I can tell you that this is a tough question to answer for the following reason.
There is a guy who who became a friend of mind who came into our office and trained with us. After about two weeks he bagged our training and traded nasdaq stocks and made a little money at first. Then he lost some. Then he bought 400 SCH and was down 50 cents. He went to lunch. Came back- down more. Finally closed it out after losing $20,000.00. plus.
Then he committed to our style. Profitable within two weeks. In January 2000, which was about his fourth month, he made $100,000.00 . During 2000 he made over $300,000.00. In 2001 by July, he gave back more than $100,000.00 and quit trading for a while. Does he go in to the positive trader column or not.

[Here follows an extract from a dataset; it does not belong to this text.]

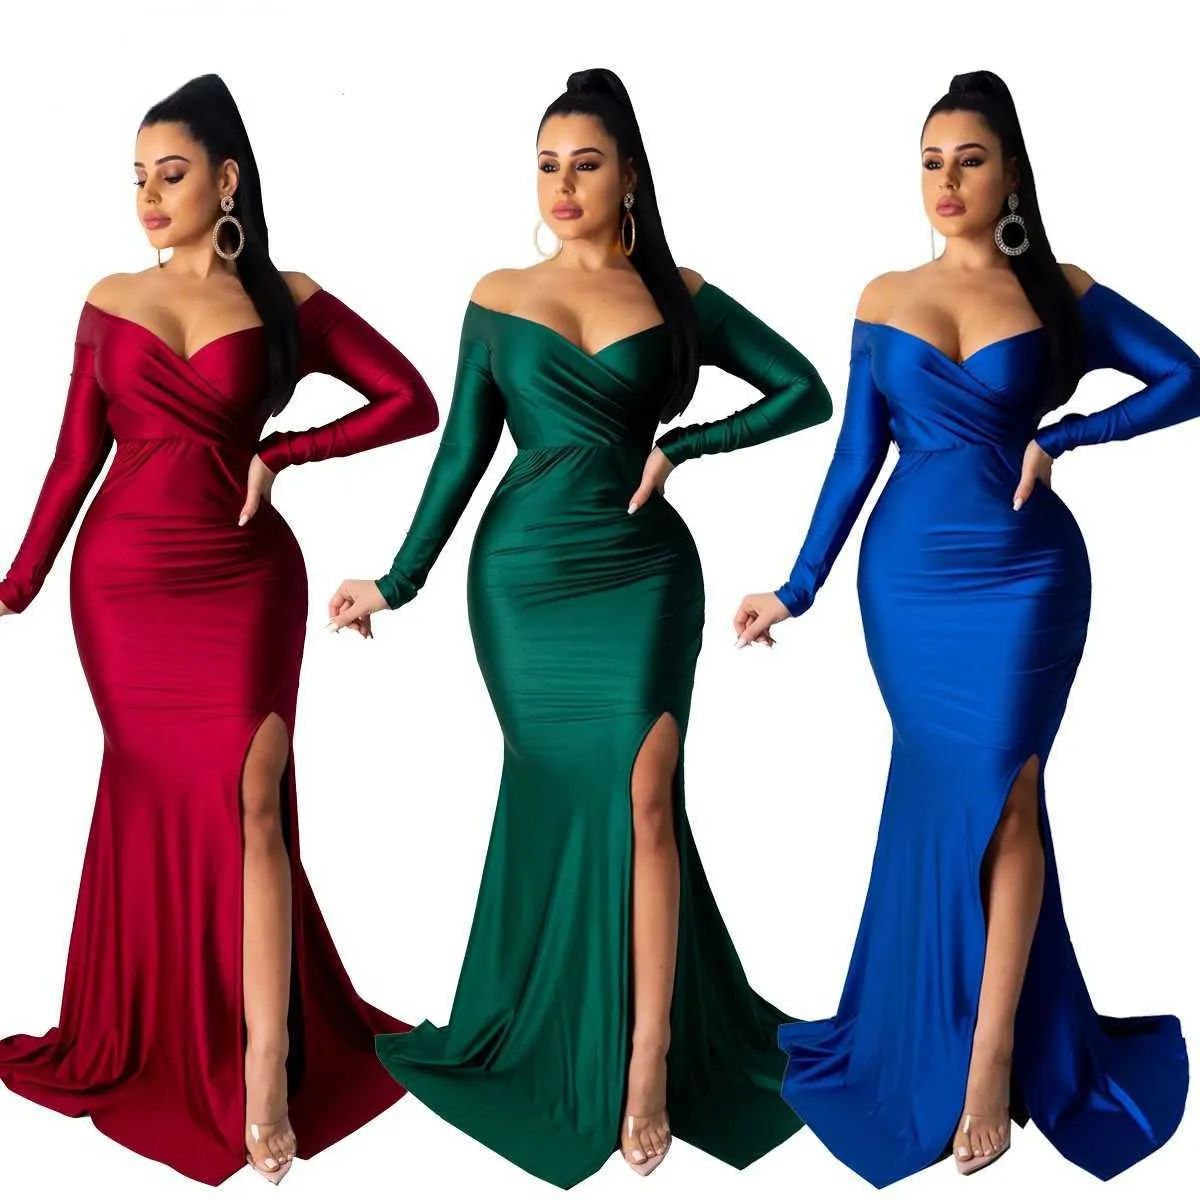 Autumn Winter Women Sexy Night Party Club Long Dresses Off Shoulder Plunging V-neck High Side Split Mermaid Maxi Dress Y1006

In 1999 and 2000 I believe that all of the traders in our office (10-15 traders) were profitable except about 3. (Two of those traders were not trained by us and did not trade our style so you might say all but one of the short term traders were profitable)
During 2001 we took on 5 or 6 new traders and only 2 to three of them are profitable, plus we lost the one trader mentioned above. So as a group this year we are only around 50% profitable for the year. Those new traders were all backed with our money and unfortunately for us this fall was much tougher for short term trading NYSE stocks than previous falls. (They did not lose much capital, nevertheless we hate to lose any money at all)
I normally do not talk about this stuff and the lawyer in me wants to post the standard warning, in case this post creates problems. Trading is difficult, you could lose all your money. Past performance does not equal future performance and my firm does not solicit retail traders.